Now (unlimited cache):

api = PubChemAPI()  # Unlimited cache automatically
# No cache_size parameter needed!

Your existing code will work unchanged, but now with unlimited caching!

Cache Functions Reference

provesid.get_cache_info() -> dict

Get comprehensive cache statistics:

info = provesid.get_cache_info()
print(info)
# {
#     'cache_directory': '/path/to/cache',
#     'memory_entries': 42,
#     'disk_entries': 42, 
#     'total_size_bytes': 1048576,
#     'total_size_mb': 1.0,
#     'total_size_gb': 0.001,
#     'file_count': 42,
#     'warning_threshold_gb': 5.0,
#     'warnings_enabled': True
# }

provesid.get_cache_size() -> dict

Get detailed size information:

size = provesid.get_cache_size()
print(f"Cache: {size['mb']:.2f} MB ({size['files']} files)")

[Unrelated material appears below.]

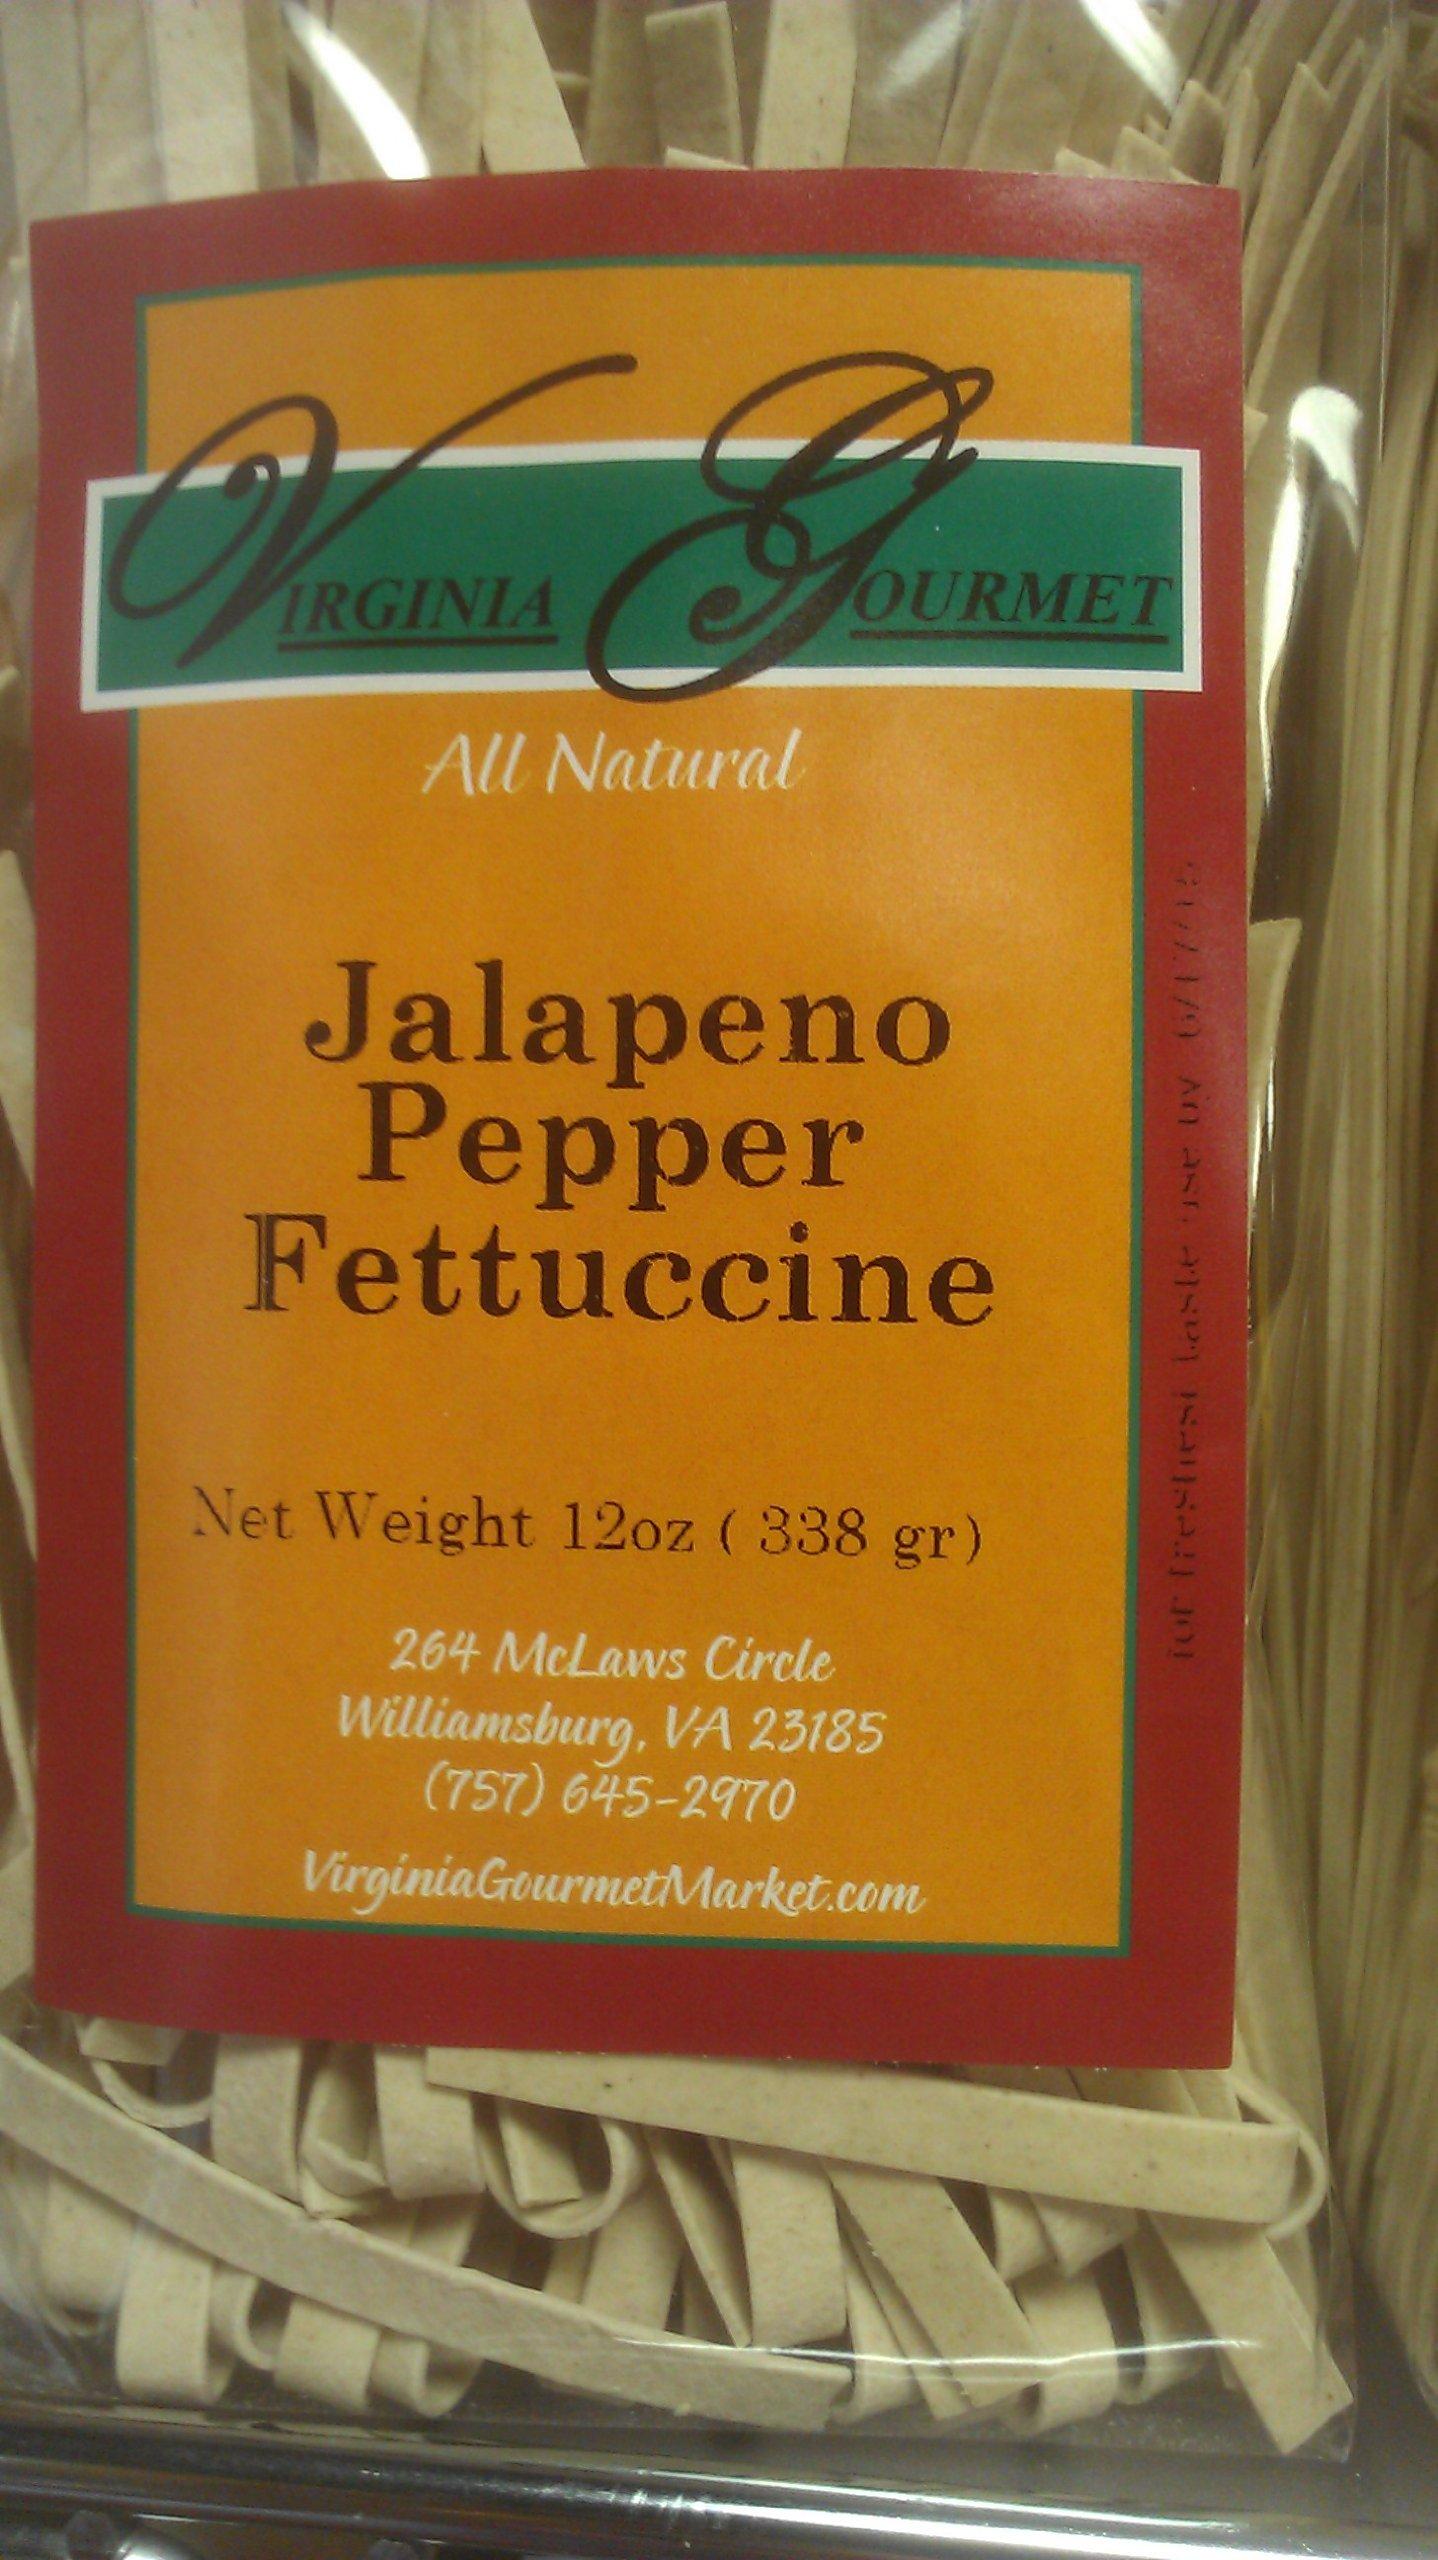 Virginia Gourmet Jalapeno Pepper Fettuccine-6 PACK- All Natural Vegan Pasta Unbleached Wheat Flour , Jalapeno pepper, Water
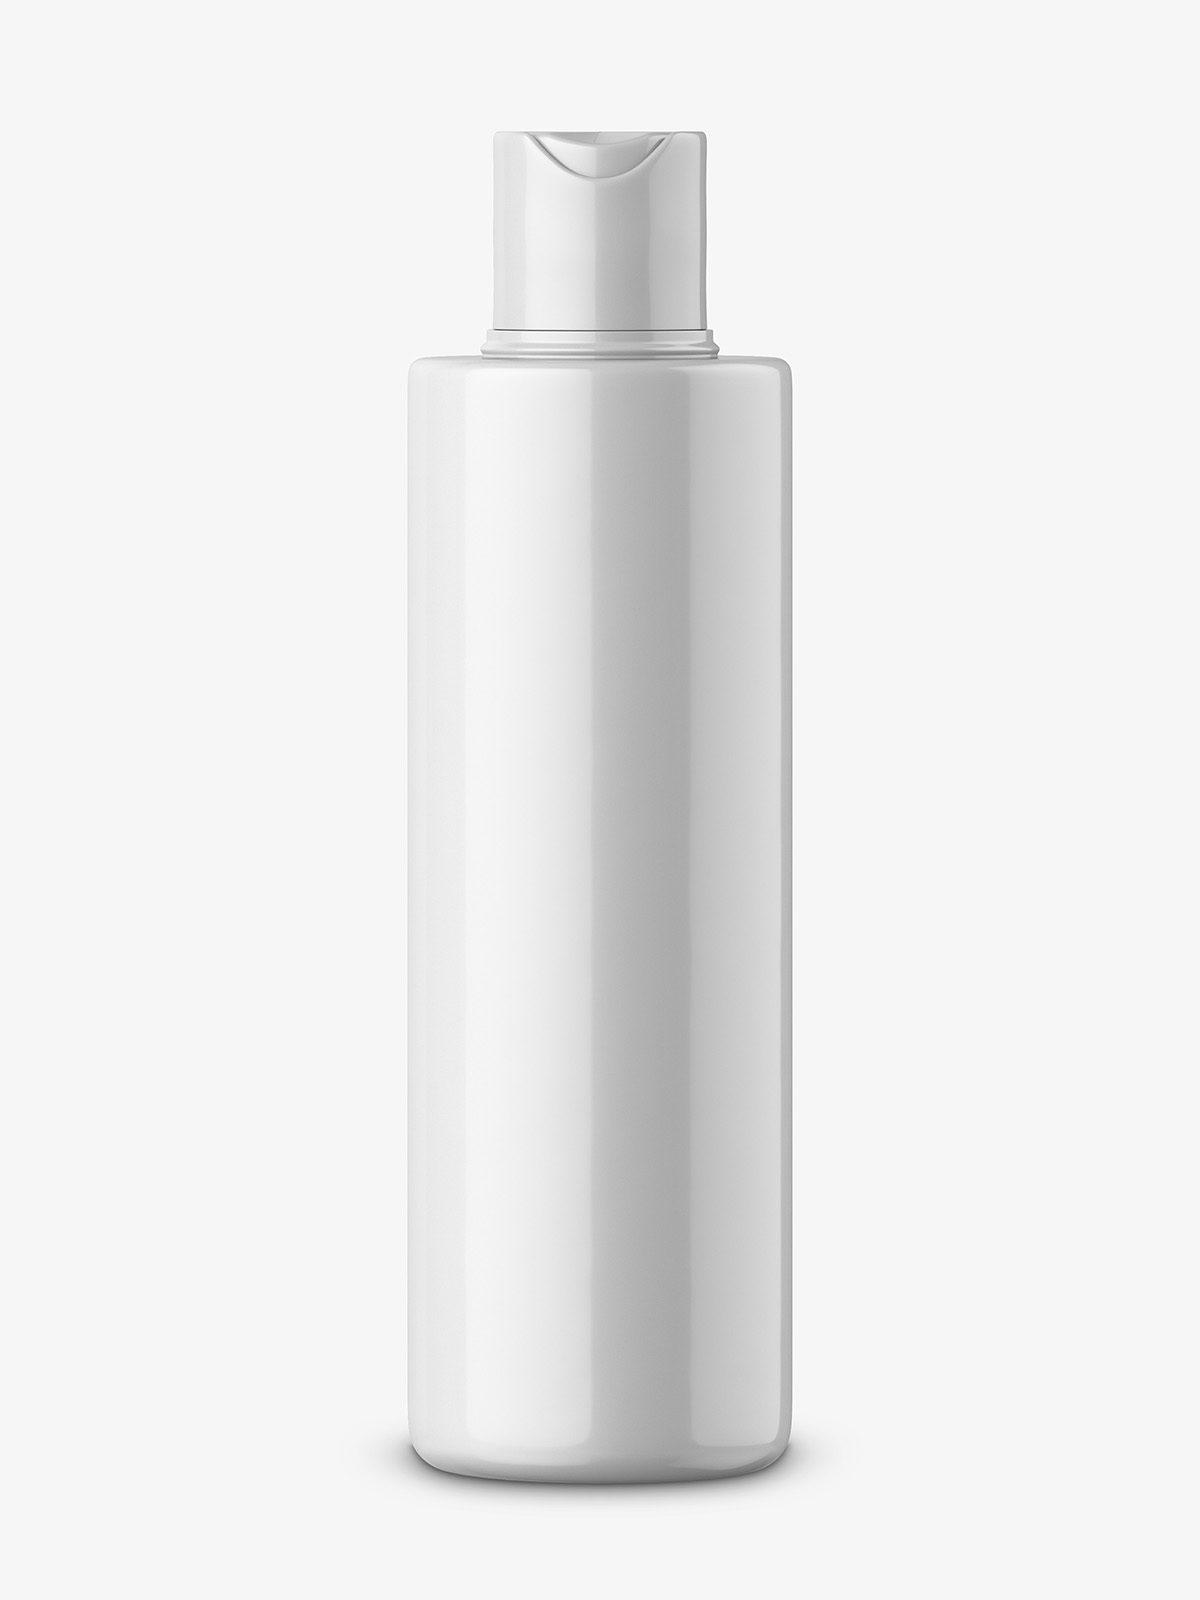 Glossy round bottle mockup

provesid.export_cache(path, format='pickle') -> bool

Export cache to file:

# Export as pickle (recommended)
success = provesid.export_cache('cache_backup.pkl')

# Export as JSON (human-readable, but limited data types)
success = provesid.export_cache('cache_backup.json', format='json')

provesid.import_cache(path, merge=True) -> bool

Import cache from file:

# Merge with existing cache
success = provesid.import_cache('cache_backup.pkl')

# Replace existing cache
success = provesid.import_cache('cache_backup.pkl', merge=False)

provesid.clear_cache()

Clear all cached data:

provesid.clear_cache()

provesid.set_cache_warning_threshold(size_gb)

Set size warning threshold:

# Warn when cache exceeds 10 GB
provesid.set_cache_warning_threshold(10.0)

provesid.enable_cache_warnings(enabled=True)

Enable/disable size warnings:

# Disable warnings
provesid.enable_cache_warnings(False)

# Re-enable warnings  
provesid.enable_cache_warnings(True)

Use Cases

1. Long Research Projects

# Start your research project
api = provesid.PubChemAPI()

# Make expensive API calls - all cached automatically
for compound in my_compound_list:
    data = api.get_compound_by_cid(compound)
    properties = api.get_compound_properties(compound, ['MolecularWeight', 'LogP'])

# Export cache at end of day
provesid.export_cache('research_day1.pkl')

# Next day: import and continue
provesid.import_cache('research_day1.pkl')
# All previous calls are cached!

2. Team Collaboration

# Team member 1: Gather data from multiple APIs
pubchem_api = provesid.PubChemAPI()
nci_resolver = provesid.NCIChemicalIdentifierResolver()

for cid in expensive_compound_list:
    pubchem_api.get_compound_by_cid(cid)

for cas in cas_number_list:
    nci_resolver.get_molecular_data(cas)

# Share the cache (includes data from all APIs)
provesid.export_cache('team_shared_cache.pkl')

# Team member 2: Use shared data
provesid.import_cache('team_shared_cache.pkl')
# Instant access to all the data without API calls!

3. Offline Development

# When online: gather data
api = provesid.PubChemAPI()
test_data = [api.get_compound_by_cid(cid) for cid in test_compounds]
provesid.export_cache('offline_cache.pkl')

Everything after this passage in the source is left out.